What is required: Please reproduce the data exactly, though every picture must stay out.

Data excerpt:
####

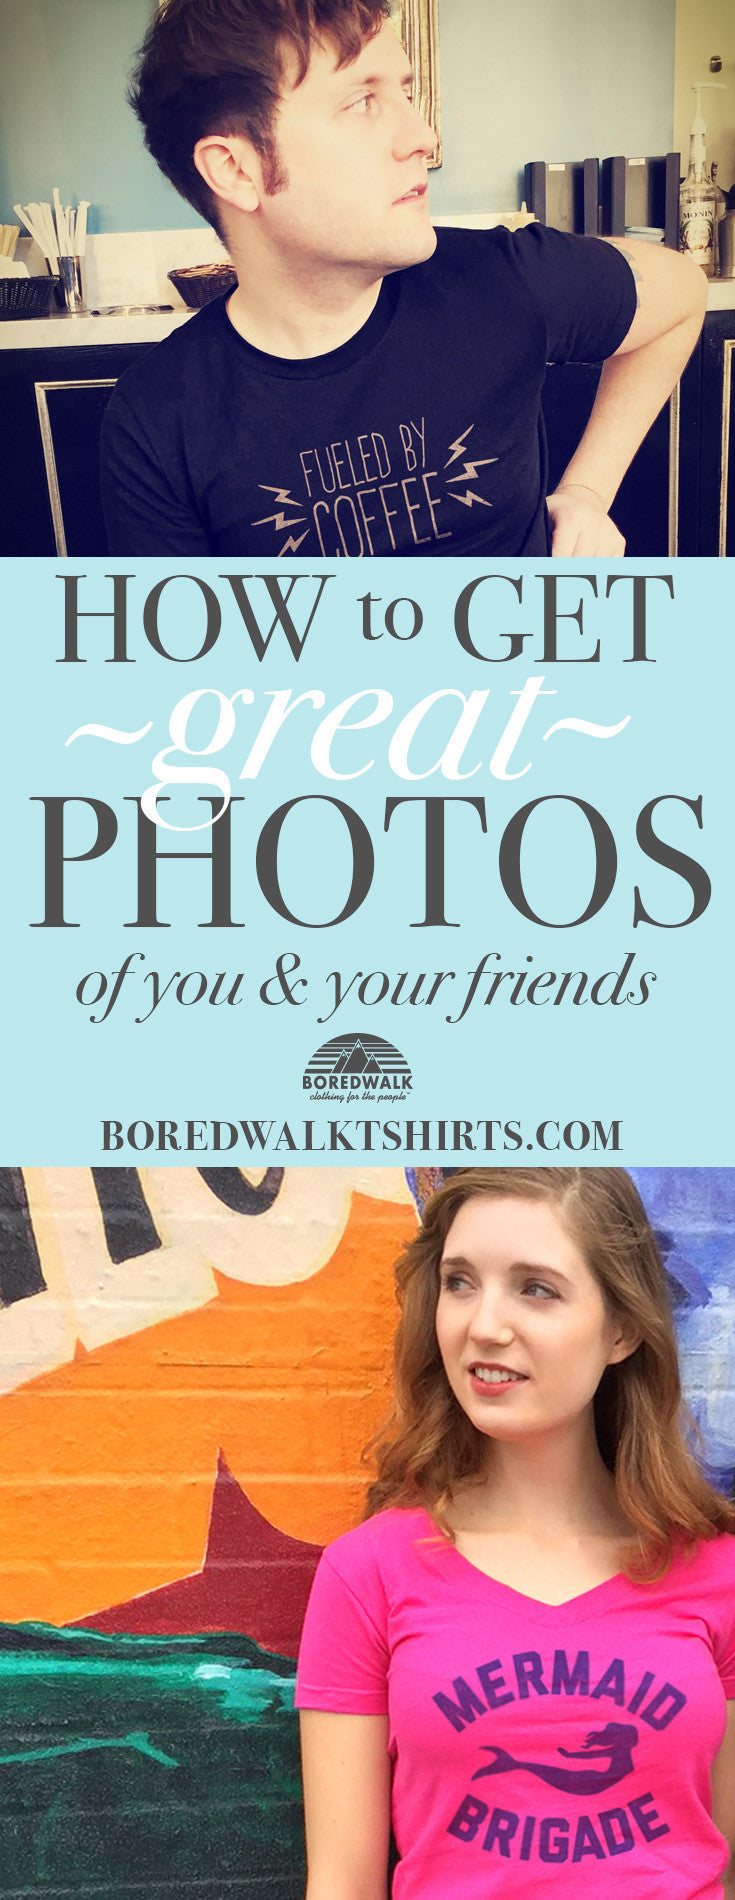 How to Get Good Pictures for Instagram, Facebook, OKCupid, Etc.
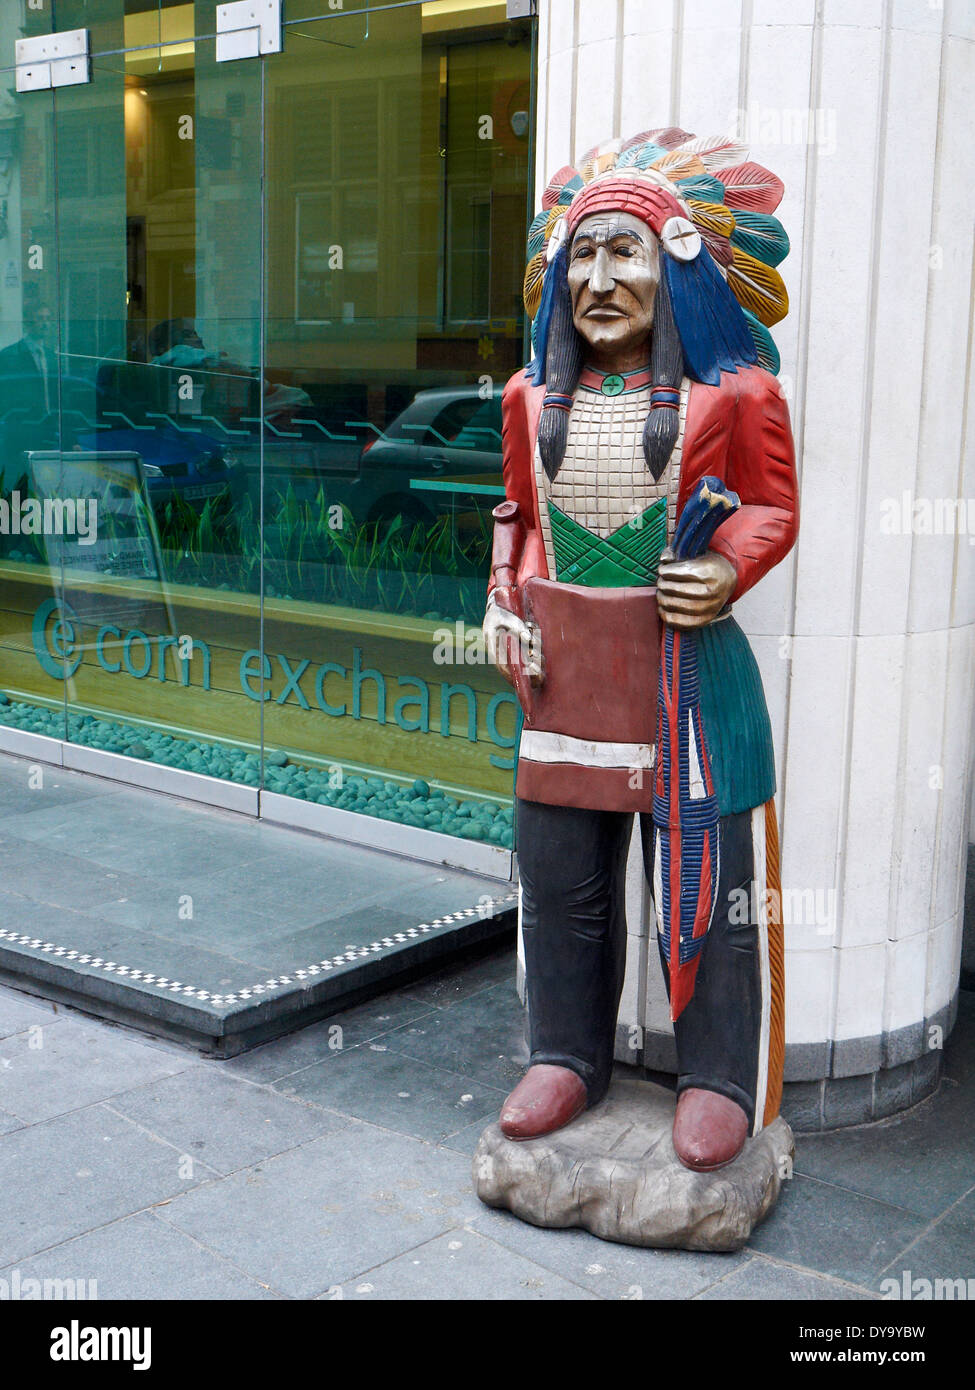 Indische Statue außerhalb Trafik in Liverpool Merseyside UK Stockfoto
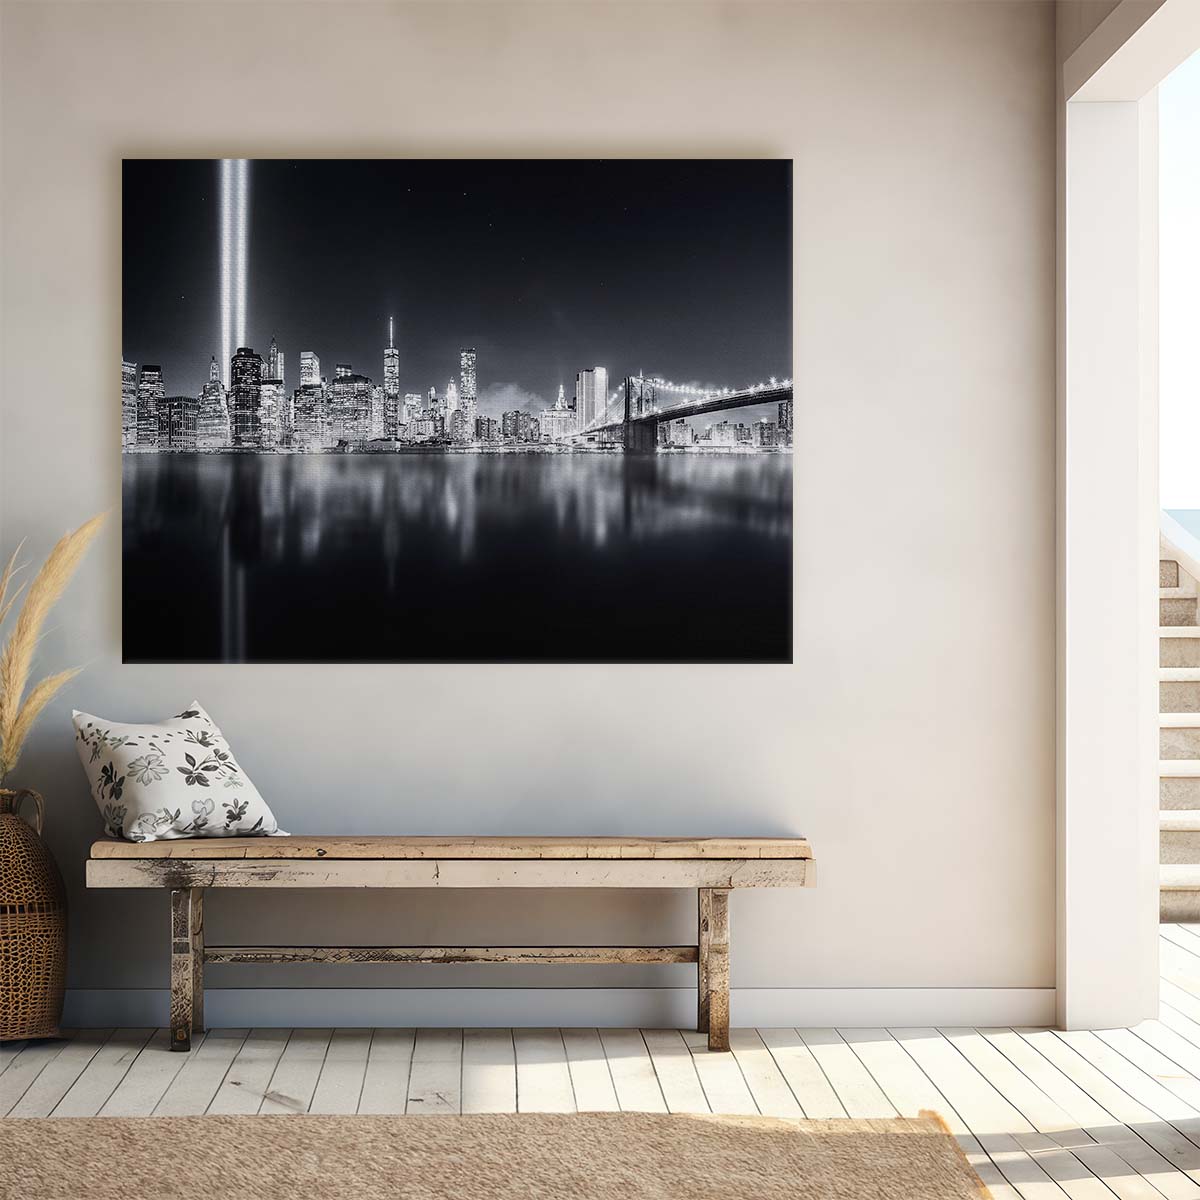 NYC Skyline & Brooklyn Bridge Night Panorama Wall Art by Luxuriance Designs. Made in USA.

####

Written reply:
 How to Get Good Pictures for Instagram, Facebook, OKCupid, Etc.
 Indische Statue außerhalb Trafik in Liverpool Merseyside UK Stockfoto
 NYC Skyline & Brooklyn Bridge Night Panorama Wall Art by Luxuriance Designs. Made in USA.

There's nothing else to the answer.